In all cases, these services are run from systemd as daemons.

Pods

Kubernetes introduces the concept of pods, which are groupings of one or more containers and their shared storage, and any specific options on how these are to be run together. Pods are used for tightly coupled applications that would typically run on the same logical host and which might require access to the same system resources. Typically, containers in a pod share the same network and memory space and can access shared volumes for storage. These shared resources allow the containers in a pod to communicate internally in a seamless way as if they were installed on a single logical host.

You can easily create or destroy pods as a set of containers. This makes it possible to do rolling updates to an application by controlling the scaling of the deployment. You can scale up or down easily by creating or removing replica pods. For more information on pods, see the upstream Kubernetes documentation.

ReplicaSet, Deployment, StatefulSet Controllers

Kubernetes provides various controllers that you can use to define how pods are set up and deployed within the Kubernetes cluster. These controllers can be used to group pods together according to their runtime needs and define pod replication and pod start up ordering.

You can define a set of pods that to be replicated with a ReplicaSet. You define the exact configuration for each of the pods in the group and which resources they can have access to. Using ReplicaSets not only caters to the easy scaling and rescheduling of an application, but also lets you perform rolling or multi track updates to an application. For more information on ReplicaSets, see the upstream Kubernetes documentation.
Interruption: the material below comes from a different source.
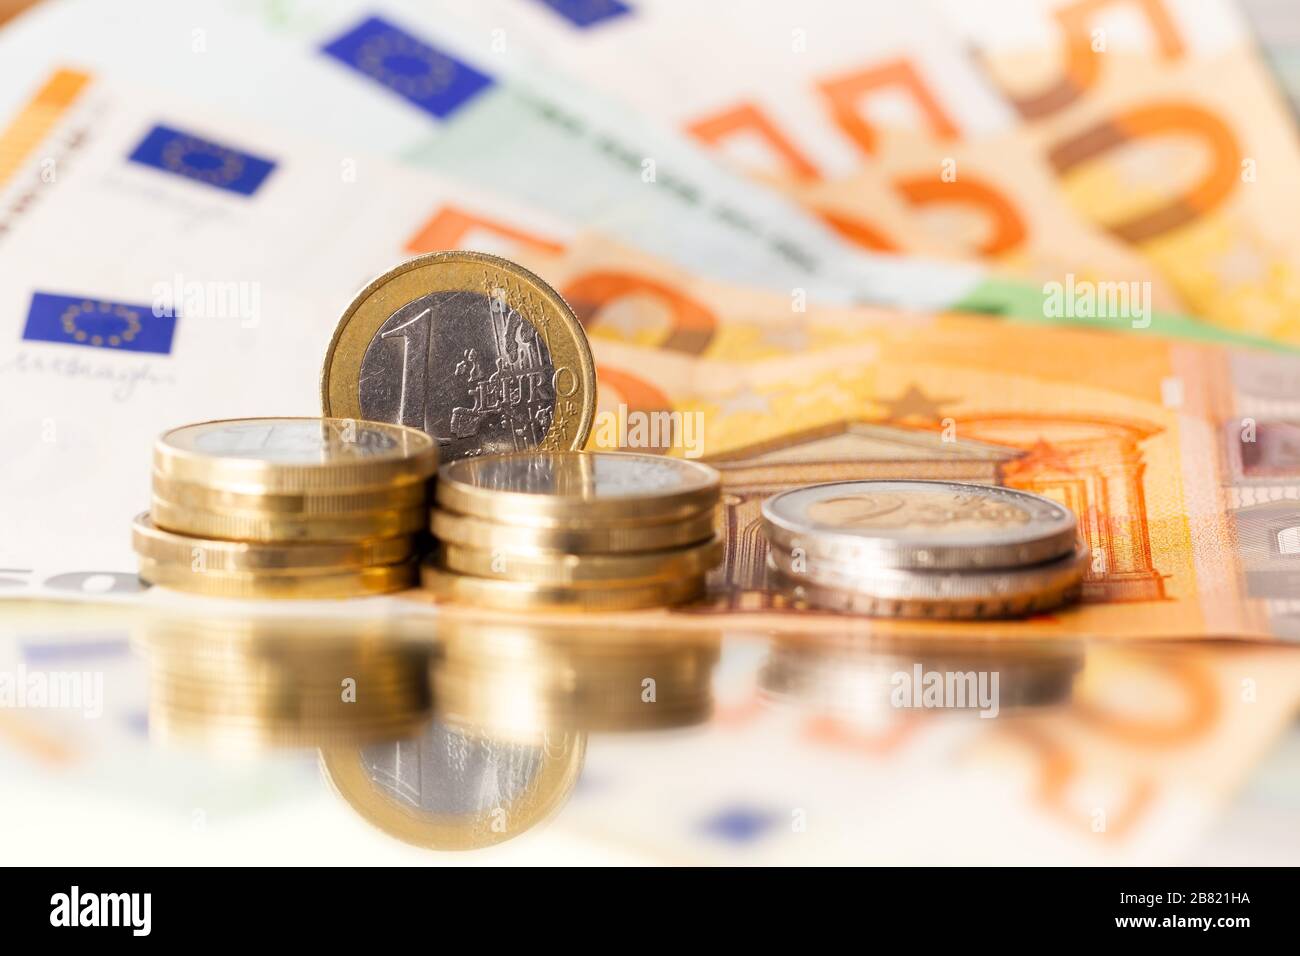 Background With Euro Banknotes. 1 Euro On The Background Of Money. One Euro  Coin. Top View Stock Photo, Picture and Royalty Free Image. Image 143187514.

You can use a Deployment to manage pods and ReplicaSets. Deployments are useful when you need to roll out changes to ReplicaSets. By using a Deployment to manage a ReplicaSet, you can easily rollback to an earlier Deployment revision. A Deployment lets you create a newer revision of a ReplicaSet and then migrate existing pods from a previous ReplicaSet into the new revision. The Deployment can then manage the cleanup of older unused ReplicaSets. For more information on Deployments, see the upstream Kubernetes documentation.
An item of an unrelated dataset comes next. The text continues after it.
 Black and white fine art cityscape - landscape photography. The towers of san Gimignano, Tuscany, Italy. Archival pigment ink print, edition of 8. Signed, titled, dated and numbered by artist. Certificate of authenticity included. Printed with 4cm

You can use StatefulSets to create pods that guarantee start up order and unique identifiers, which are then used to ensure that the pod maintains its identity across the lifecycle of the StatefulSet. This feature makes it possible to run stateful applications within Kubernetes, as typical persistent components such as storage and networking are guaranteed. Furthermore, when you create pods they're always created in the same order and allocated identifiers that are applied to host names and the internal cluster DNS. Those identifiers ensure stable and predictable network identities for pods in the environment. For more information on StatefulSets, see the upstream Kubernetes documentation.

Services

You can use services to expose access to one or more mutually interchangeable pods. As pods can be replicated for rolling updates and for scalability, clients accessing an application must be directed to a pod running the correct application. Pods might also need access to applications outside of Kubernetes. In either case, you can define a service to make access to these facilities transparent, even if the actual backend changes.

Typically, services consist of port and IP mappings. How services function in network space is defined by the service type when it's created.
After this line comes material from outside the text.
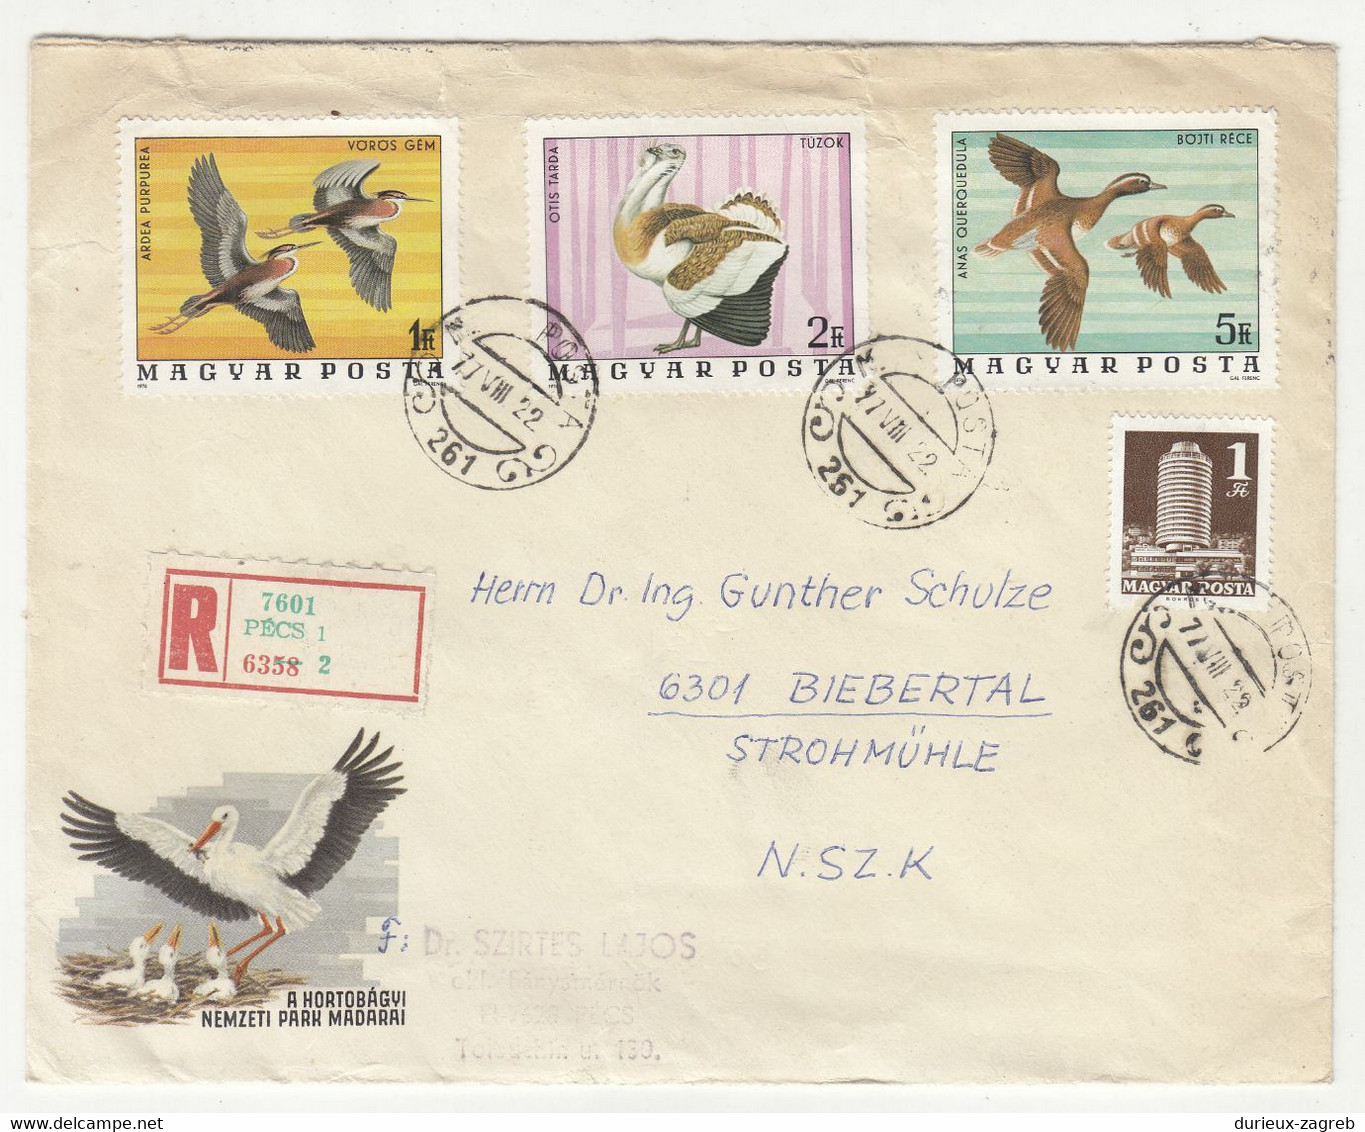 Hungary Letter Cover Posted Registered 1977 Pecs - Birds On Stamps B220901 - Covers & Documents

The default service type is the ClusterIP, and you can use this to expose the service on the internal IP of the cluster. This option makes the service only reachable from within the cluster. Therefore, use this option to expose services for applications that need to access each other from within the cluster.

Often, clients outside of the Kubernetes cluster might need access to services within the cluster. You can achieve this by creating a NodePort service type. This service type lets you to take advantage of the Kube Proxy service that runs on every worker node and reroute traffic to a ClusterIP, which is created automatically along with the NodePort service. The service is exposed on each node IP at a static port, called the NodePort. The Kube Proxy routes traffic destined to the NodePort into the cluster to be serviced by a pod running inside the cluster. This means that if a NodePort service is running in the cluster, it can be accessed from any node in the cluster, regardless of where the pod is running.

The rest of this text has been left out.